Doctype Descriptor Format

Document types must provide a /HARP-META/doctype.xml file describing how their elements behave.
Important: Document types conforming to the DITA standard do not need a doctype descriptor, as DITA documents are self-describing via the @class attribute.

Technically, the only configuration that must be in doctype.xml are

  • The ID and language attributes
  • Profiling attributes
  • Links
  • Graphics
  • Divisions (chunk boundaries)
  • Titles, for populating empty ID-IDREF links and creating ToC navigation of chunked divisions.

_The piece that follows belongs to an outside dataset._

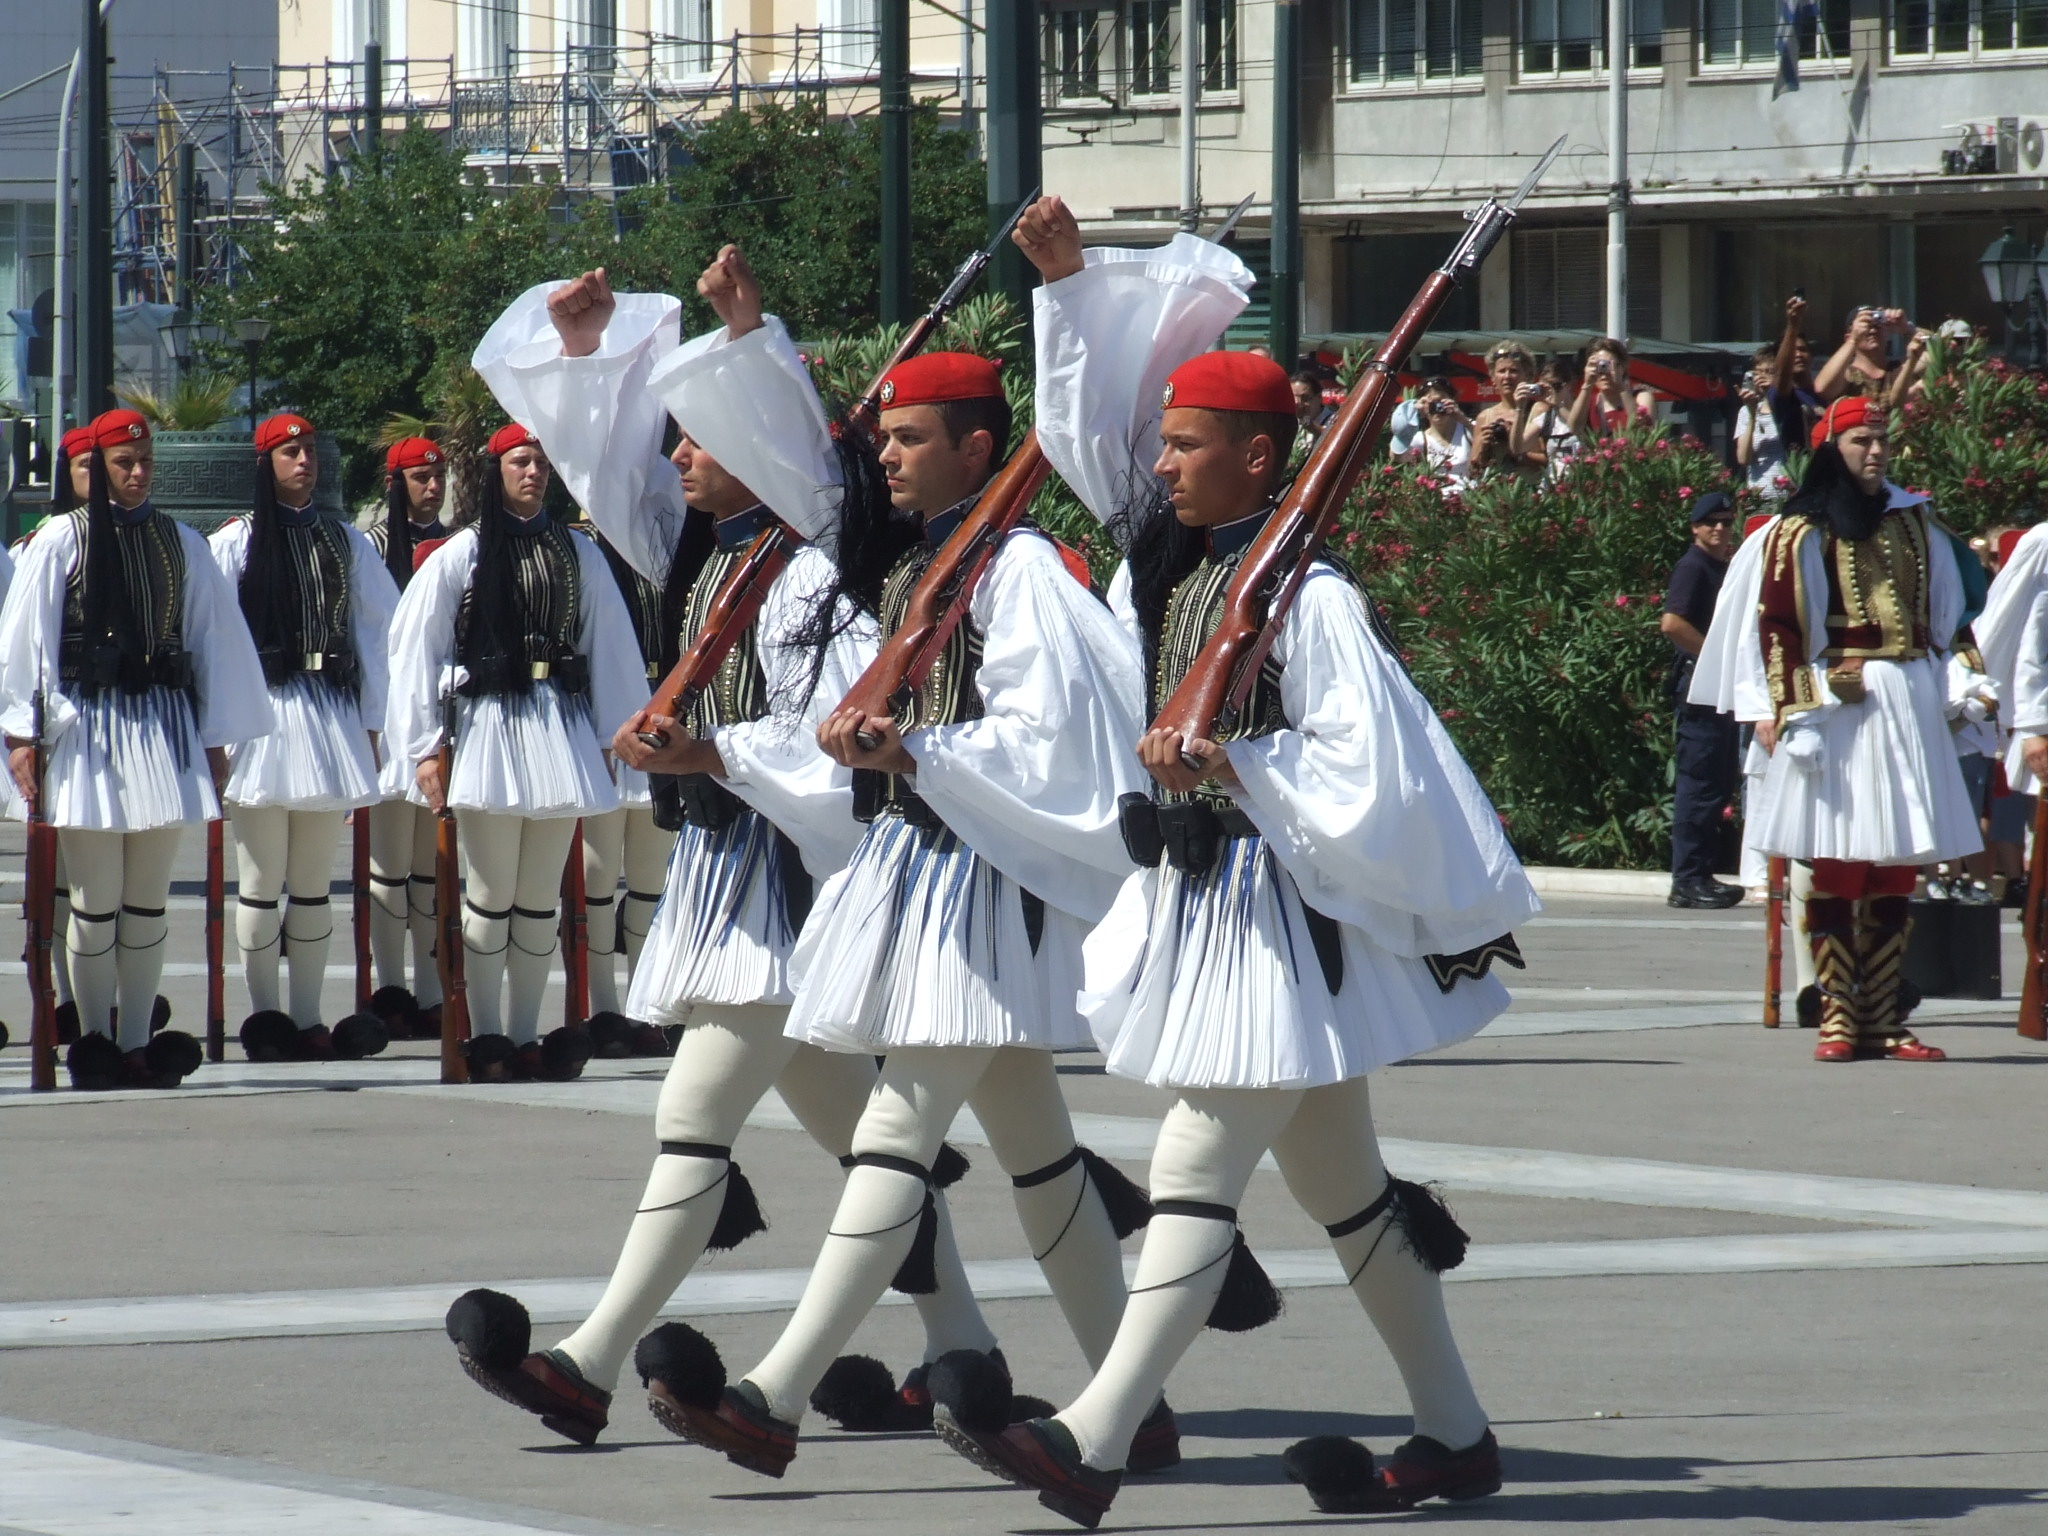 Bilderesultat for military uniforms around the world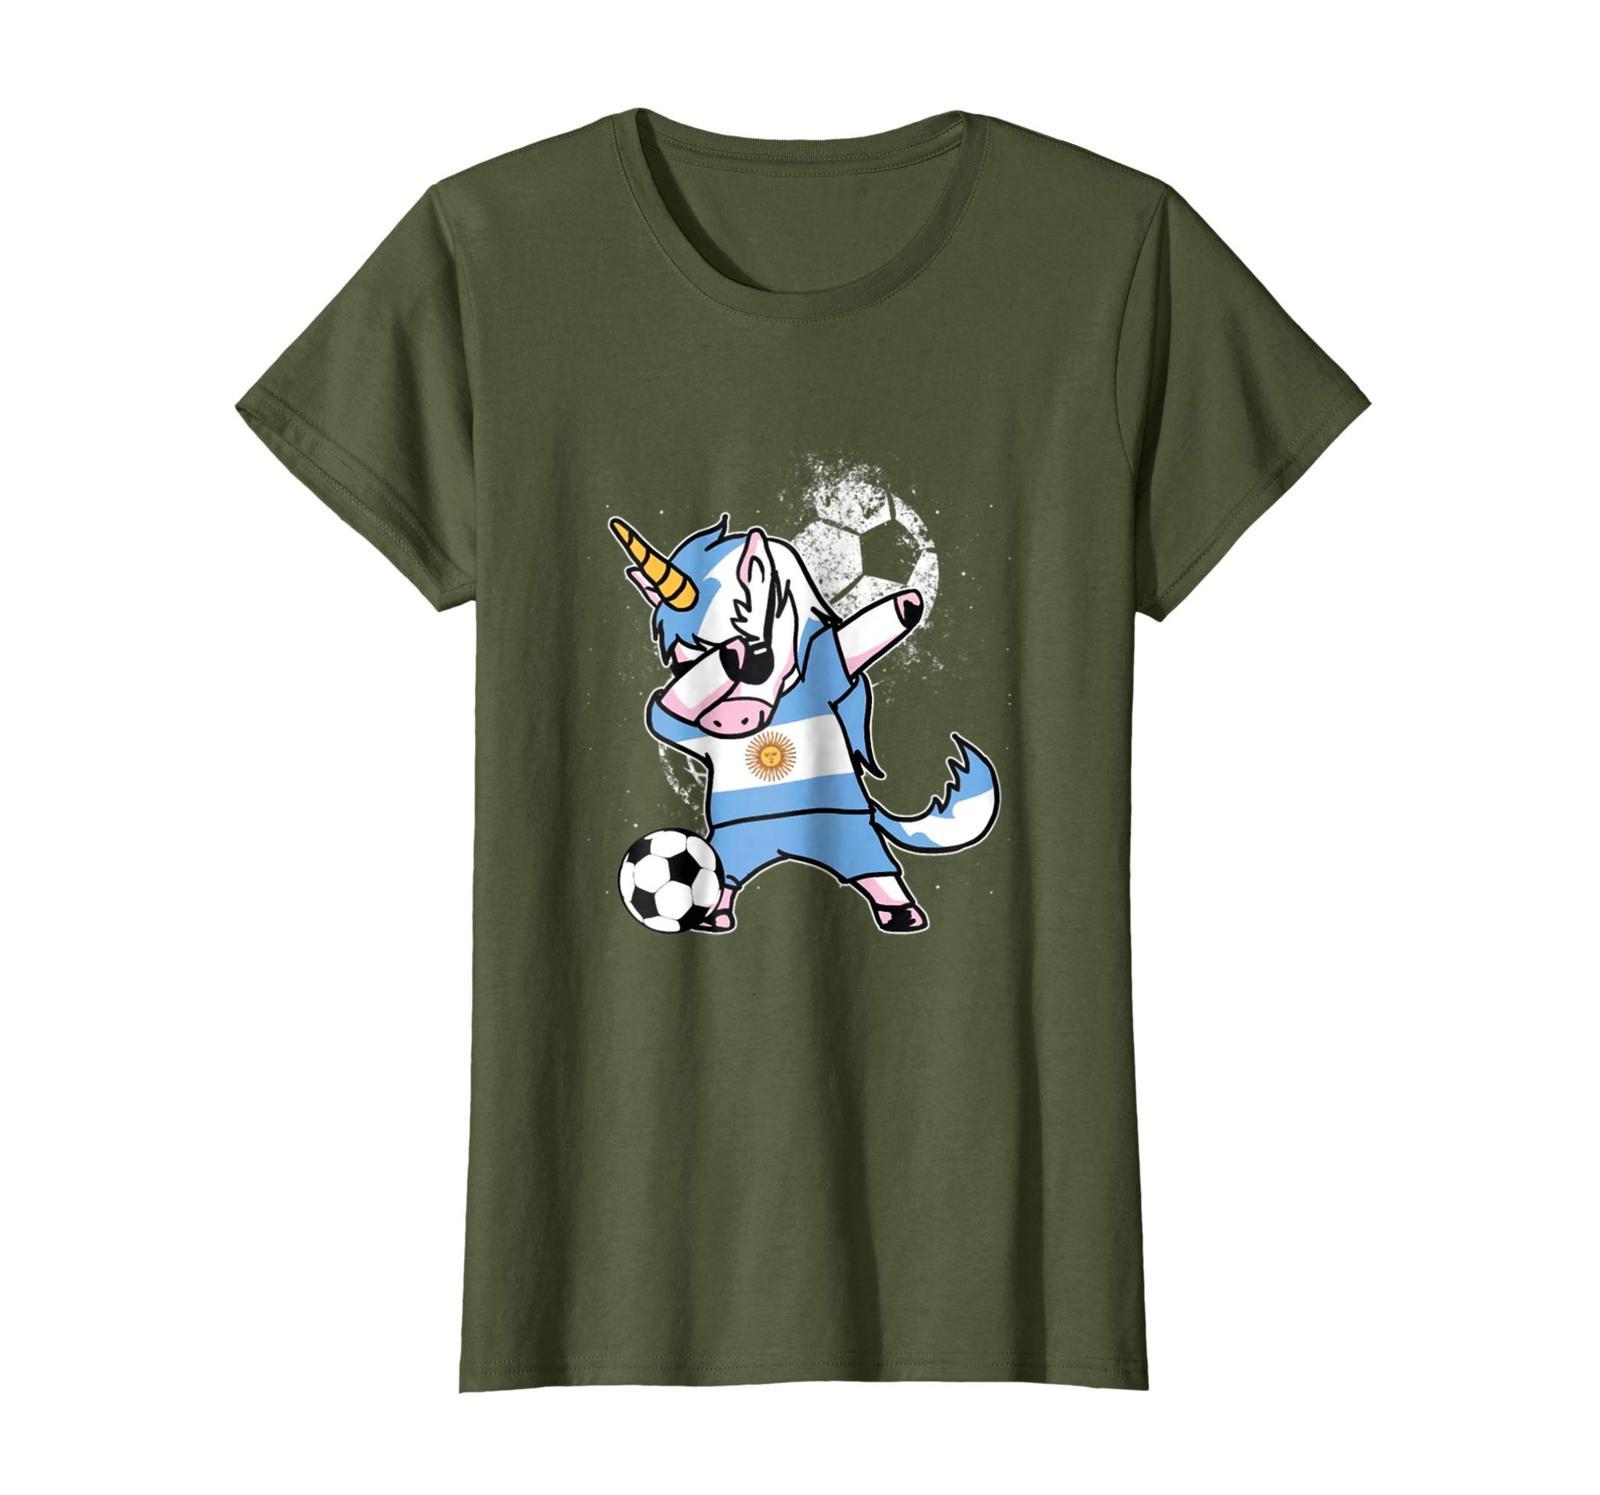 New Shirts - Dabbing Unicorn Argentina Football Cup 2018 Soccer T Shirt Wowen

Titania Delivery needs this information in order to properly handle the references in a document. Most of the other configuration that can go into doctype.xml is more presentational. However, describing presentational elements in this file allows TD to apply default styling, leaving little to no need for doctype-specific XSLT.

Structural Elements

<doctype>
This is the root element of the file. It has the following attributes.
@id
Required. An identifier for the document type, captured as a property on documents of this type.
@id-attr
Optional. The ID attribute from the document type. TD will look for @xml:id by default.
@lang-attr
Optional. The attribute in the DTD used to identify the language of an element. TD will look for @xml:lang by default.
<comment-element>
A single top-level tag describing the markup to use when embedding comments in XML. If no <comment-element> is present, then TD will use namespaced markup for comments.
@name
Required. The commenting element name.
@dispositionAttr
The attribute to use for disposition values.
@authorAttr
The attribute to use for the author's name.
@timestampAttr
The attribute to use for the timestamp.
@dataElement
The element to use for comment metadata, nested within a comment.
@dataKeyAttr
The attribute on the data element for the metadata key.
@dataValueAttr
The attribute to use for metadata values on the data element.
@wrapReplies
True or false. True by default. If true, replies will be wrapped in a data element with a key of "replies." (This is necessary in many content models where comment tags cannot be directly nested.)
<links>
Container for link element descriptions <idref>, <external>, and <fileref>.
<graphics>
Container for graphic element descriptions (<graphic>).
<specials>
Container for <special> descriptions. May carry a @type attribute containing the default special type for the nested descriptions.
<profling-atts>
Container for <profiling-att> descriptions.

Descriptive Elements

Each of the elements in the structural group above can optionally start with a <title> and/or <description> element providing a human-readable overview of the elements contained within. These are not required for the system, but are usful when maintaining the file.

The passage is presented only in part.